Preparation method of spherical vermicular graphite gray gradient cast iron glass mold material

Technical Field

The invention relates to the technical field of metal materials, in particular to a preparation method of a spherical vermicular graphite gray gradient cast iron glass mold material.

Background

The working conditions of metal molds, such as glass molds, ingot molds and the like, which are used in the industry at present, are that the metal molds bear the repeated and cyclic heat action of high-temperature melt, the inner surfaces of the molds are in a periodic high-temperature thermal shock state, and the temperature difference between the inner surface and the outer surface is large. Therefore, the damage of the mold is mainly surface oxidation growth to reduce the dimensional accuracy and peel off the skin to scrap the mold, or the thermal conductivity is insufficient to cause the large internal and external stress of the mold to crack and scrap the mold. At present, the glass mold is made of single nodular cast iron, vermicular graphite cast iron and D-type graphite gray cast iron. The ductile iron mold has strong high-temperature oxidation resistance and long thermal fatigue life, but has poor thermal conductivity, and because the working temperature of the inner surface is high, very high thermal stress is inevitably generated under the condition that the temperature difference between the outer surface and the inner layer of the mold is very large, so that cracks are generated to cause the mold to be scrapped. The grey cast iron has strong heat conductivity, but has low high-temperature oxidation resistance, and finally the mould is scrapped because the dimensional stability of the working surface of the mould is reduced and the skin is peeled off. The performance of the vermicular graphite cast iron is between that of nodular cast iron and that of gray cast iron, but the performance of the vermicular graphite cast iron depends on the vermicular graphite rate, the performance of the low vermicular graphite cast iron is close to that of the nodular cast iron, the vermicular graphite cast iron has good oxidation resistance and poor thermal conductivity, the performance of the high vermicular graphite cast iron is close to that of the gray cast iron, and the high vermicular graphite cast iron has good thermal conductivity and poor oxidation.

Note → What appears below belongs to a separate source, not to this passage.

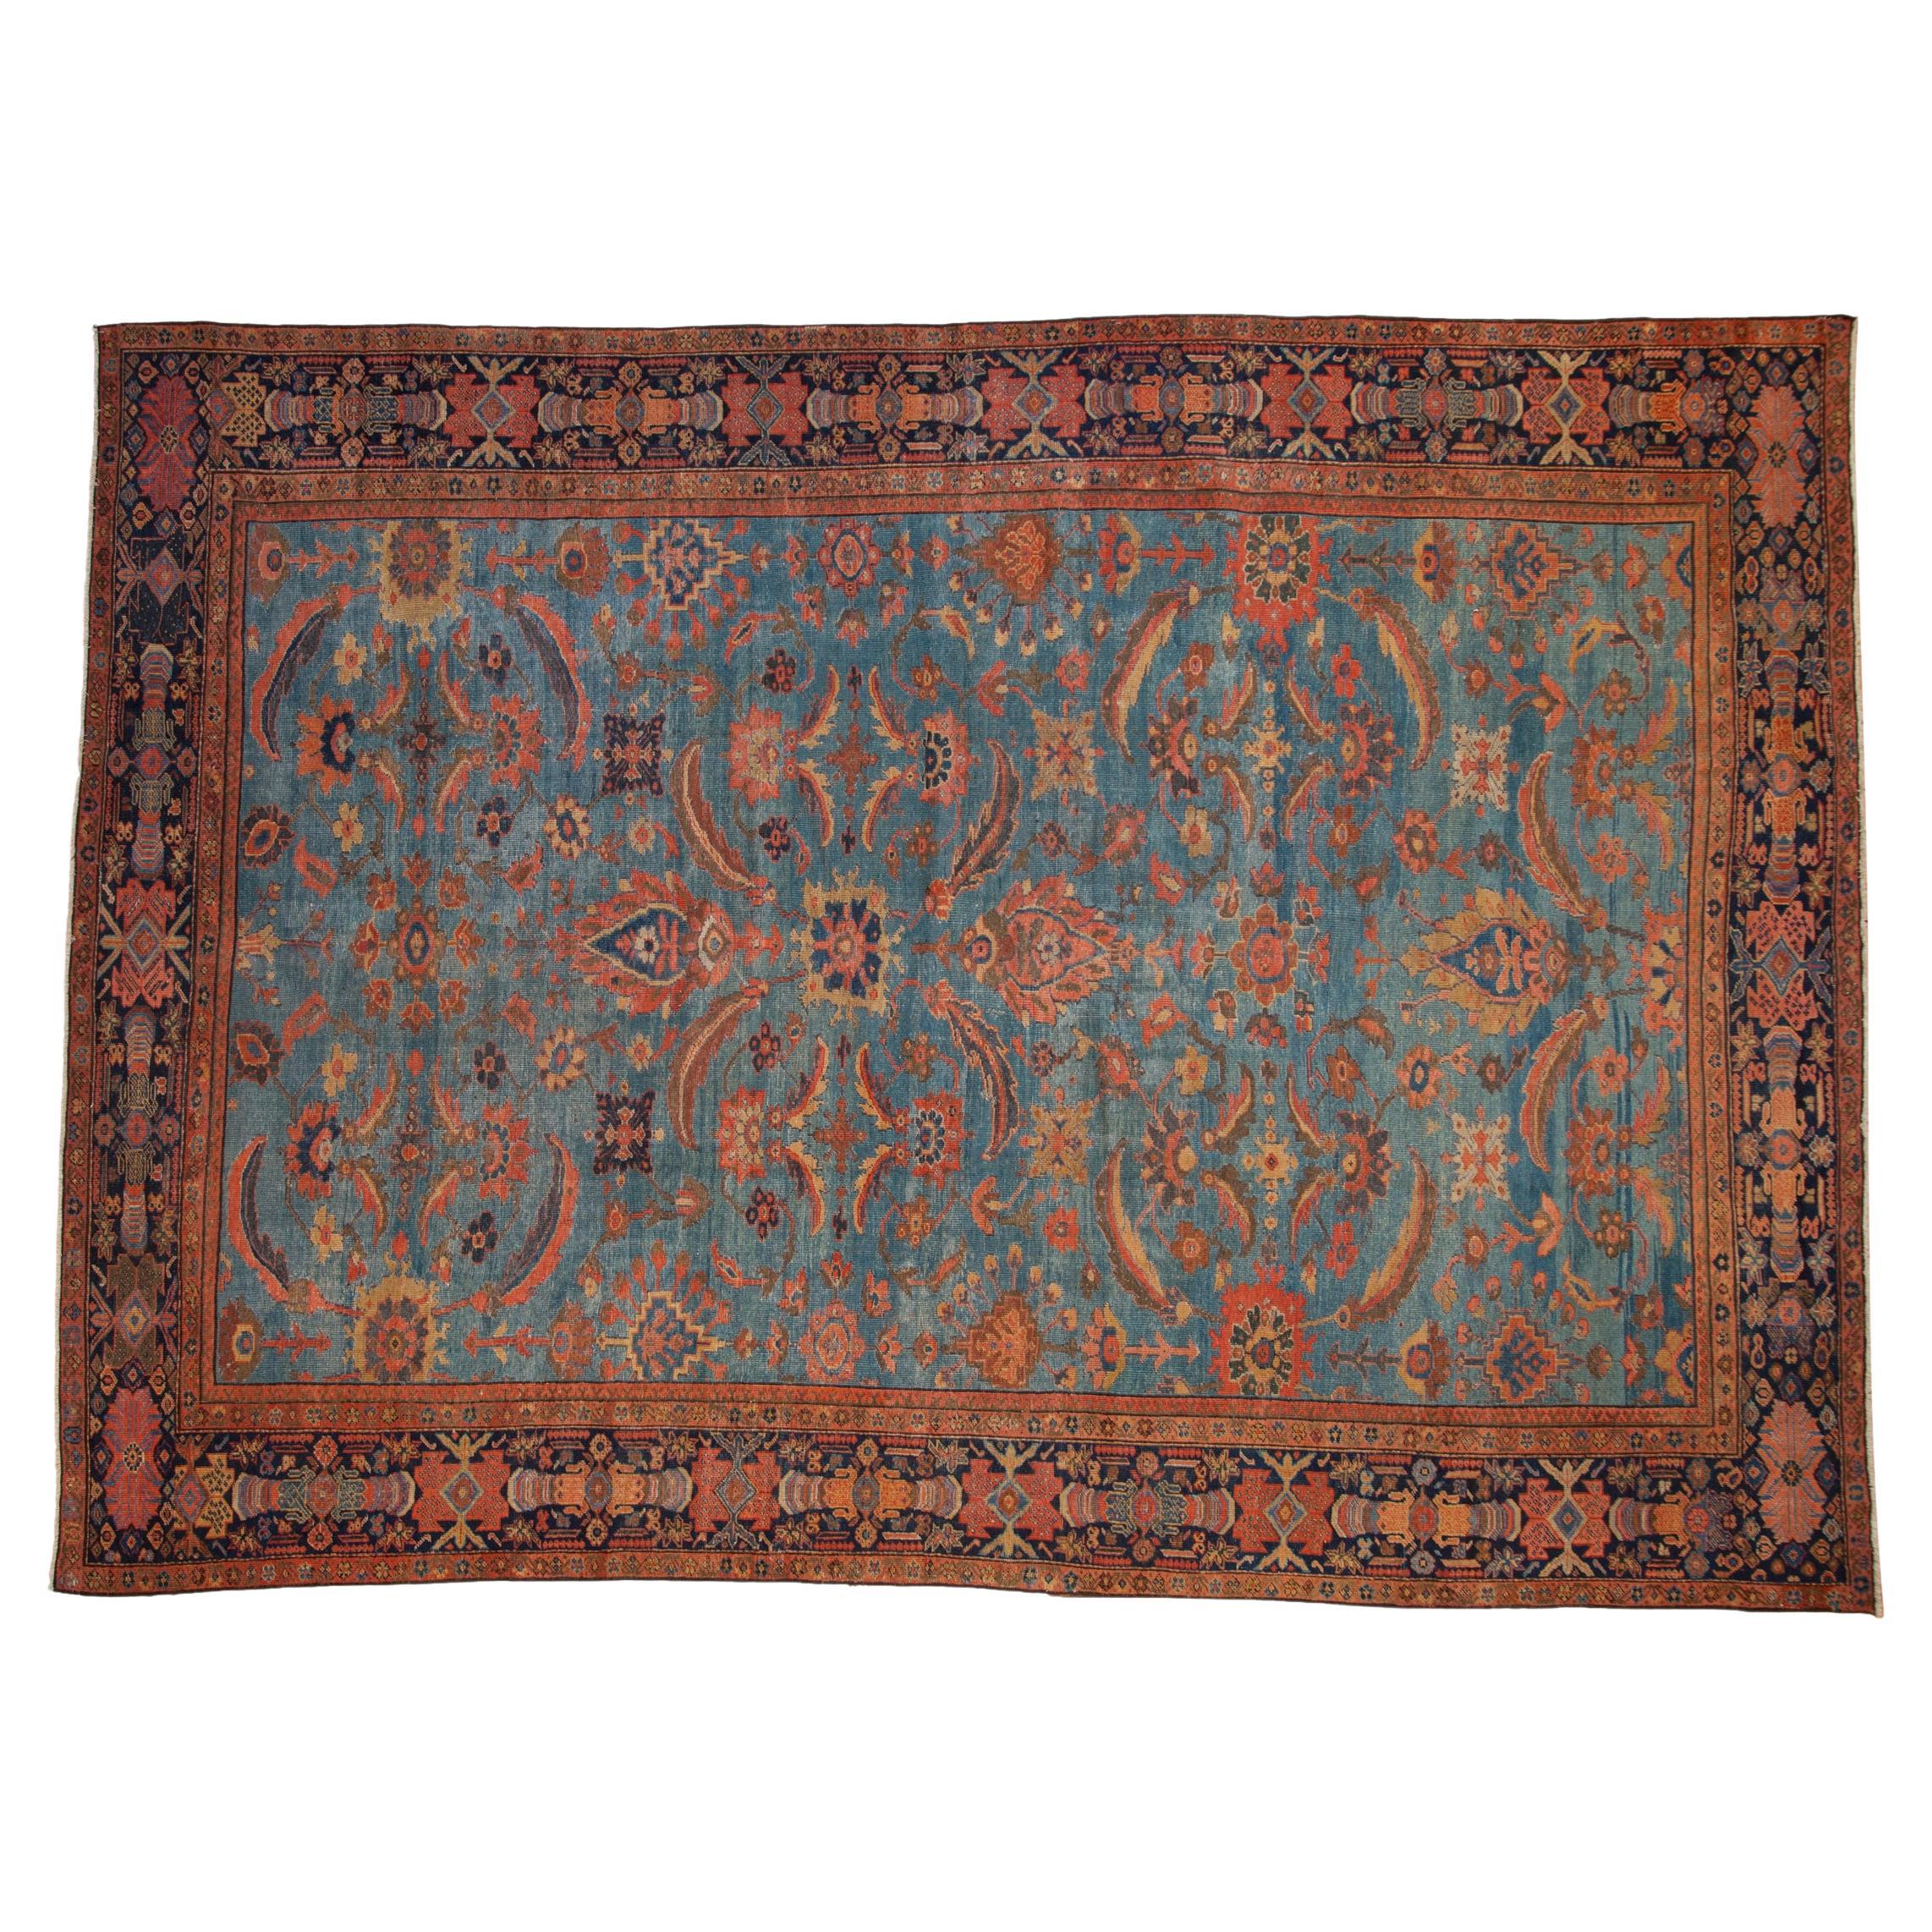 Antique Mahal Carpet

In order to prolong the service life of the mold, there are many methods, one of which can be divided into two types according to the difference of the methods, and the other is to achieve the purpose of improving the mold performance by reasonable chemical component proportion, for example, CN102851568A discloses an alloy vermicular cast iron glass mold material and a preparation method thereof, wherein the chemical components are as follows: 3.5-3.6% carbon, 2.9-3.0% silicon, 0.4-0.5% manganese, 0.4-0.5% molybdenum, < 0.15% vanadium, < 0.10% titanium, 0.3-0.4% chromium, 0.4-0.5% nickel, < 0.05% phosphorus, < 0.03% sulfur, and the balance iron. Because the selection of the metal elements and the selection of the mass percentage are reasonable, the selected alloy elements have good solid solution strengthening effect, and the strength of the ferrite in a high-temperature environment is enhanced, so that the service life of the glass mold is prolonged. But the cost is increased due to the high noble metal content. CN105132796A discloses a medium silicon aluminum alloy vermicular graphite cast iron glass mould material and a preparation method thereof, wherein the chemical components of the material are 3.0-3.2% of carbon, 3.9-4.2% of silicon, 0.3-0.5% of manganese, 0.2-0.4% of molybdenum, 0.08-0.12% of titanium, less than 0.05% of phosphorus, less than 0.03% of sulfur and the balance of iron. The method prevents the oxygen element from further oxidizing the matrix through a compact oxide film formed by the silicon element so as to improve the oxidation resistance of the material, and although the oxidation resistance is improved, the heat conduction performance needs to be improved.

Another method is to prepare the composite material by utilizing the excellent properties of nodular cast iron and vermicular cast iron, for example, CN1316538A discloses a method for preparing the nodular vermicular composite material, which comprises the steps of putting Li, Ba, K and Na alkali metal salts accounting for 0.5 percent of the total amount of molten iron and a B-Fe composite modifier into a ladle bottom in advance before tapping molten iron, pressing copper accounting for 0.2 to 0.6 percent of the total amount of the molten iron on the modifier, adding rare earth and an inoculant during tapping molten iron 1/3, pouring the reacted molten iron into a sand mold with an iron core, and performing heat treatment on a blank after boxing to obtain the double-layer composite material with fine nodular graphite on the inner surface and vermicular graphite on the outer part. Compared with alloy gray cast iron, the method has the advantages of reduced cost and prolonged service life. However, the method cannot effectively utilize the respective excellent performances of the nodular cast iron and the gray cast iron, and the heat-conducting performance of the die still has a great space for improvement.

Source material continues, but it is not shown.